Tensor problem

1. Nov 5, 2007

ponjavic

I hope no one minds but I'm gonna keep all my questions and solutions here and then write it down for the report =)

1. The problem statement, all variables and given/known data
1 Prove the following identities using index notation:
a) For vectors, u, v, w,
(u cross v) dot w = u dot (v cross w) XsolvedX

b)
For two second order tensors, show that trace(AB) = trace(BA) using index notation

c)
For two second order tensors, show that trace(AB) = trace(BA) using index notation
(AB)^t = B^t A^t

2 Consider a tensor V and a vector w related as follows
V_kj = e_ijk*w_i

a) Write out V as a 3 x 3 matrix

b) Show, using index notation, that V is a skew symmetric tensor (V = -V^t)

c) Show, using index notation or otherwise, that for any vector, v,
Vv = w x v

d) Show, using index notation, that the vector w is written in terms of V by,
w_i = 1/2 * e_ijk * V_kj

The vector w is known as the vector dual of the skew symmetric tensor V

Note: For part (d) you may make use of one or the both identities:
e_ijk * e_ipq = delta_jp * delta_kq - delta_kp * delta_jq
e_ijk * e_jkr = e_ijk * e_rjk = 2delta_ir

2. Relevant equations
a)
(u dot v) = uivj
(u cross v) = eijkujvk
(eijk is the permutation tensor)

b)
trace(A) = Aii

3. The attempt at a solution
(u cross v) dot w= eijkujvk * wi =
eijkwiujvk =
ejkiuivjwk =
(as eijk = ejki) number of permutations are even:
eijkvjwk * ui=
u dot (v cross w)

solved

b)
trace(AB) = trace(ABij) = trace(AikBkj) = AikBki = BkiAik = trace(BkiAjk) =
trace(BAij) = trace(BA)

c)
A=Aik, A^t = Aki
B=Bkj, B^t = Bjk
(AB)^t = (AikBkj)^t .. not quite sure how the transpose operation would work on a multiplication

2
a)
V_kj =
w1, w1, w1
w2, w2, w2
w3, w3, w3

No idea what to do with e_ijk...

b)
For A to be skew symmetric, A^t = -A

V_kj^t = ... Do not know how to transpose e_ijk * w_i
possibly: e_ikj * w_k
Then permutation k <-> j:
-e_ijk * w_k = -V_kj

Is this allowed?

Last edited: Nov 5, 2007
2. Nov 5, 2007

Meir Achuz

a) your cyclic permuttation of ijk is correct because e_ijk is invarinat ulnder cyclic permutation.

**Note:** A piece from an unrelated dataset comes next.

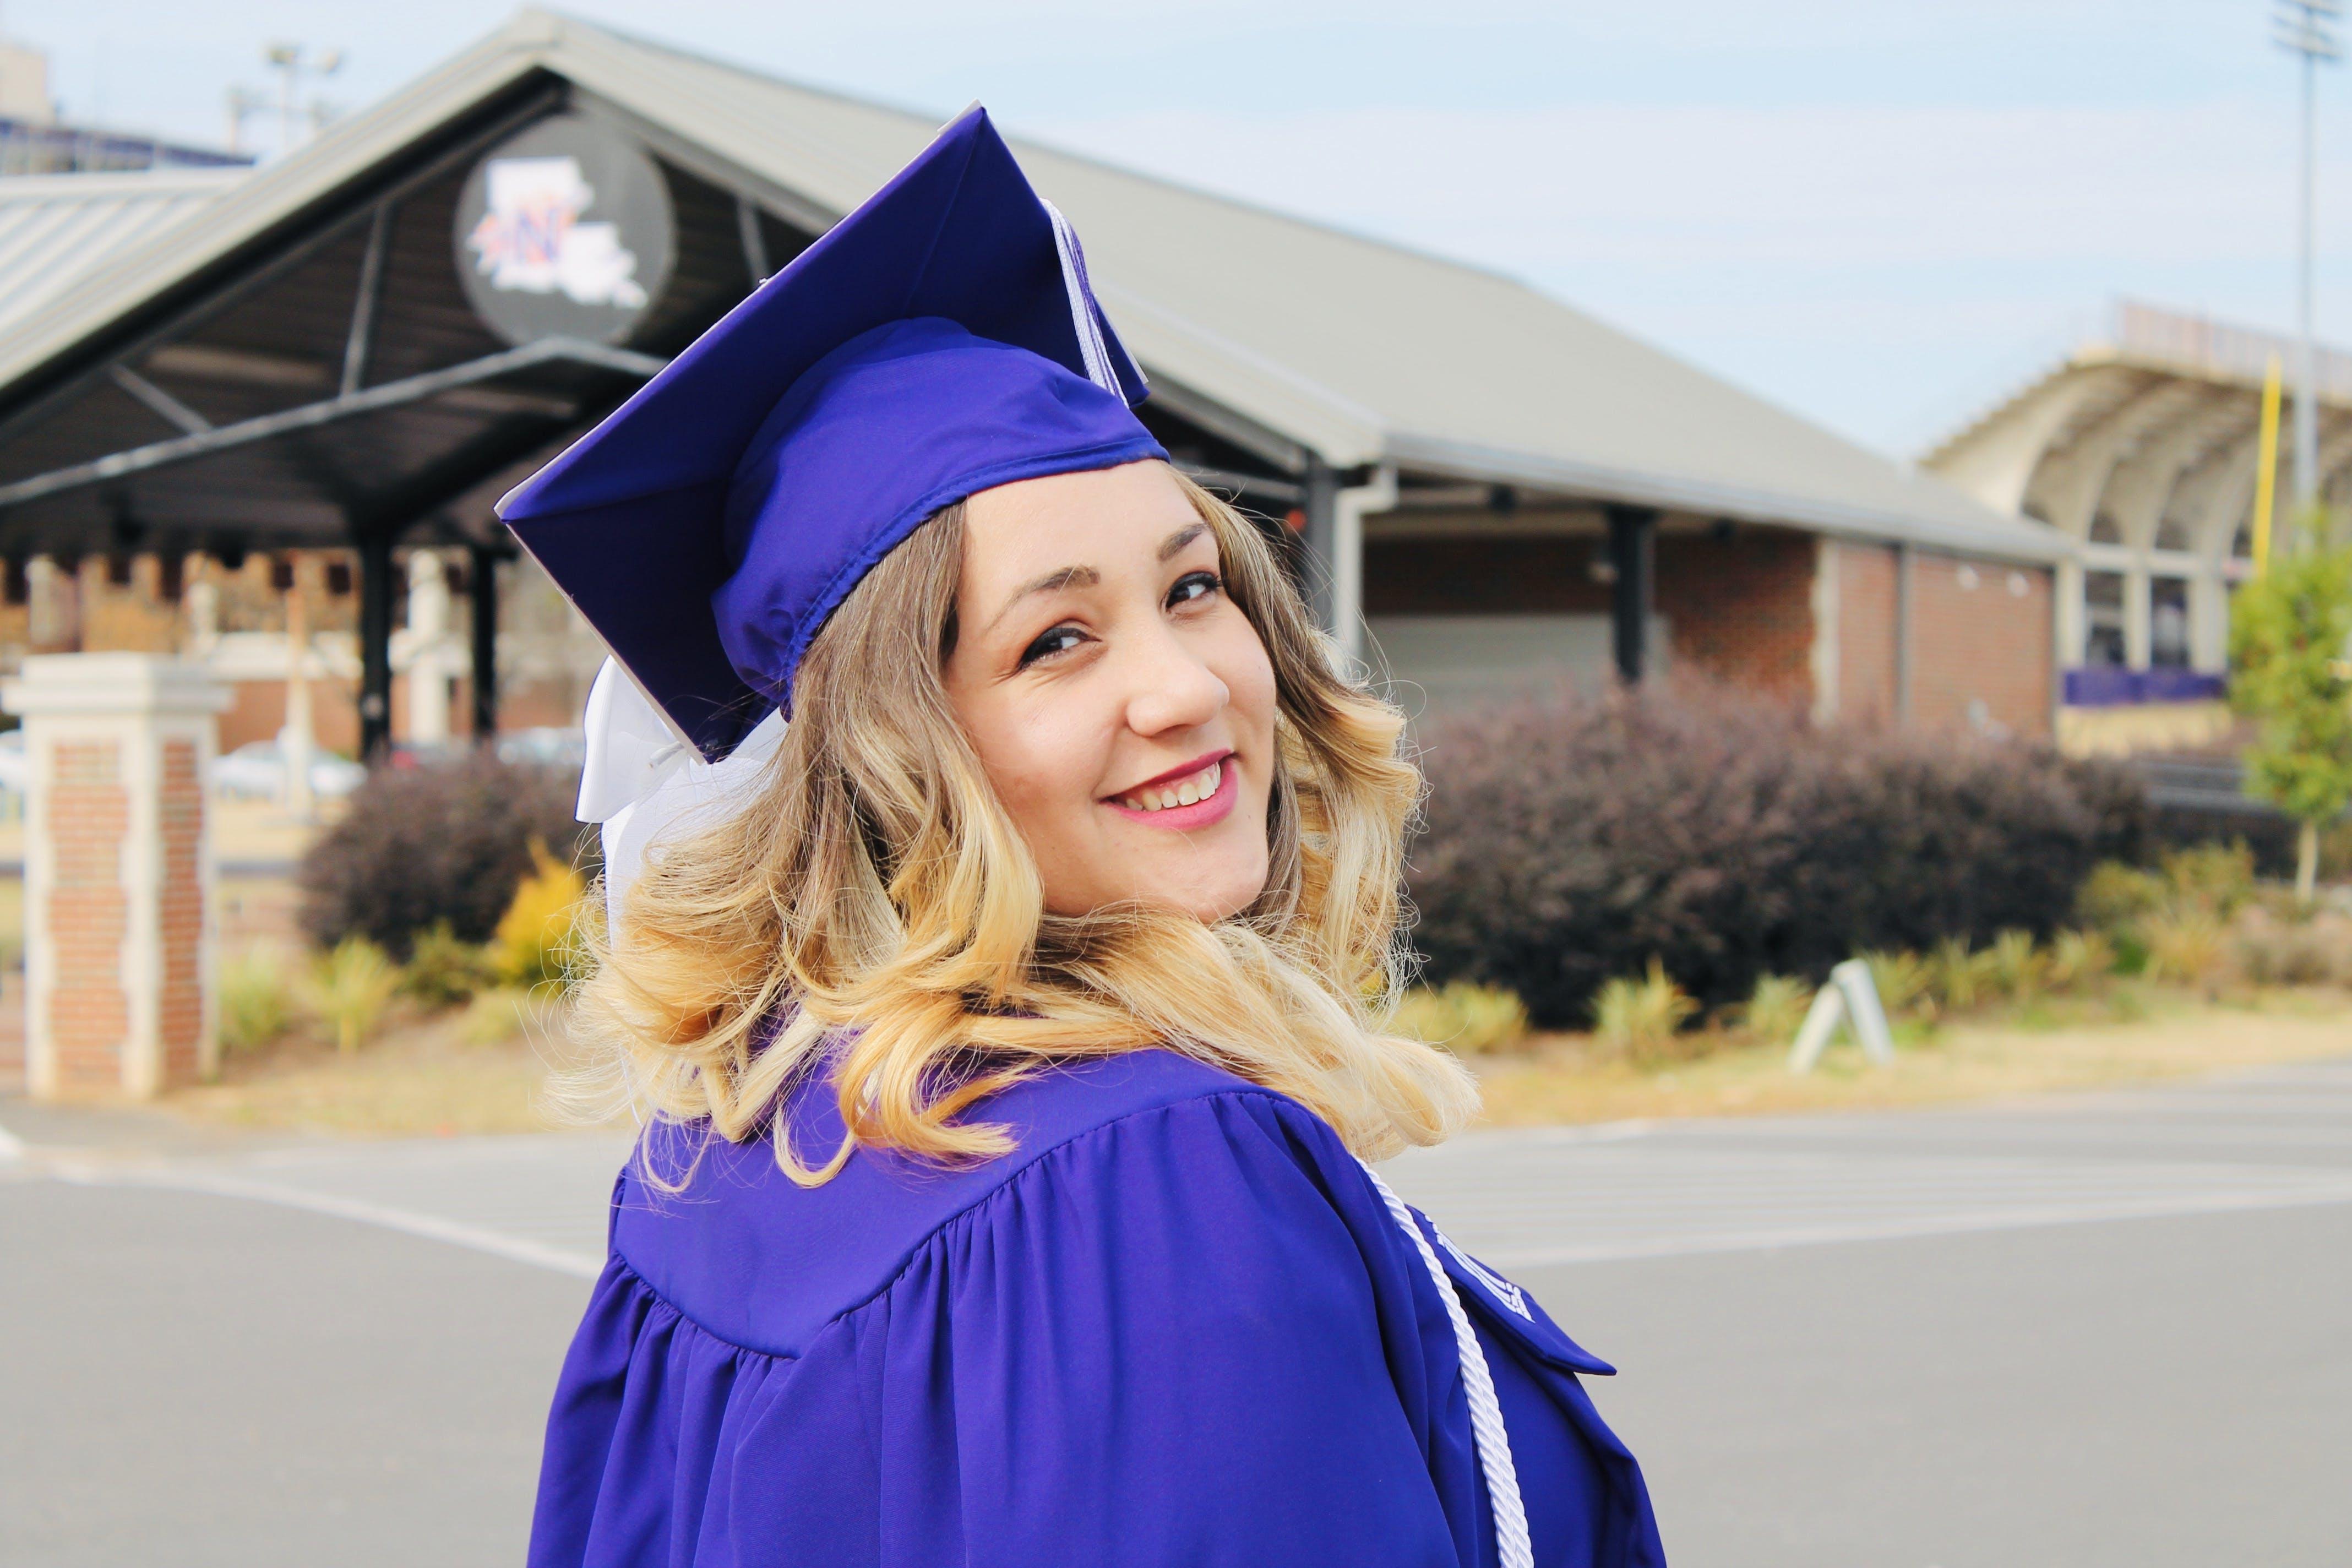 Woman Wearing Purple Mortar Board and Academic Robe

b) recall (AB)_ij=AikBkj. Now the trace sets i=j and sums.

3. Nov 5, 2007

ponjavic

edit: check first post

Last edited: Nov 5, 2007
4. Nov 7, 2007

ponjavic

Comon people I'm really struggling with this, no one done tensors?

5. Nov 7, 2007

cristo

Staff Emeritus
Sorry, I forgot that we were at your beck and call

6. Nov 7, 2007

ponjavic

Helpful, I hope you can do tensors and aren't just wasting my time

7. Nov 7, 2007

cristo

Staff Emeritus
For (c) you know how to write a product, you know how to write a transpose, and so you should be able to write the transpose of that product.

The parts you've answered from 2 look correct.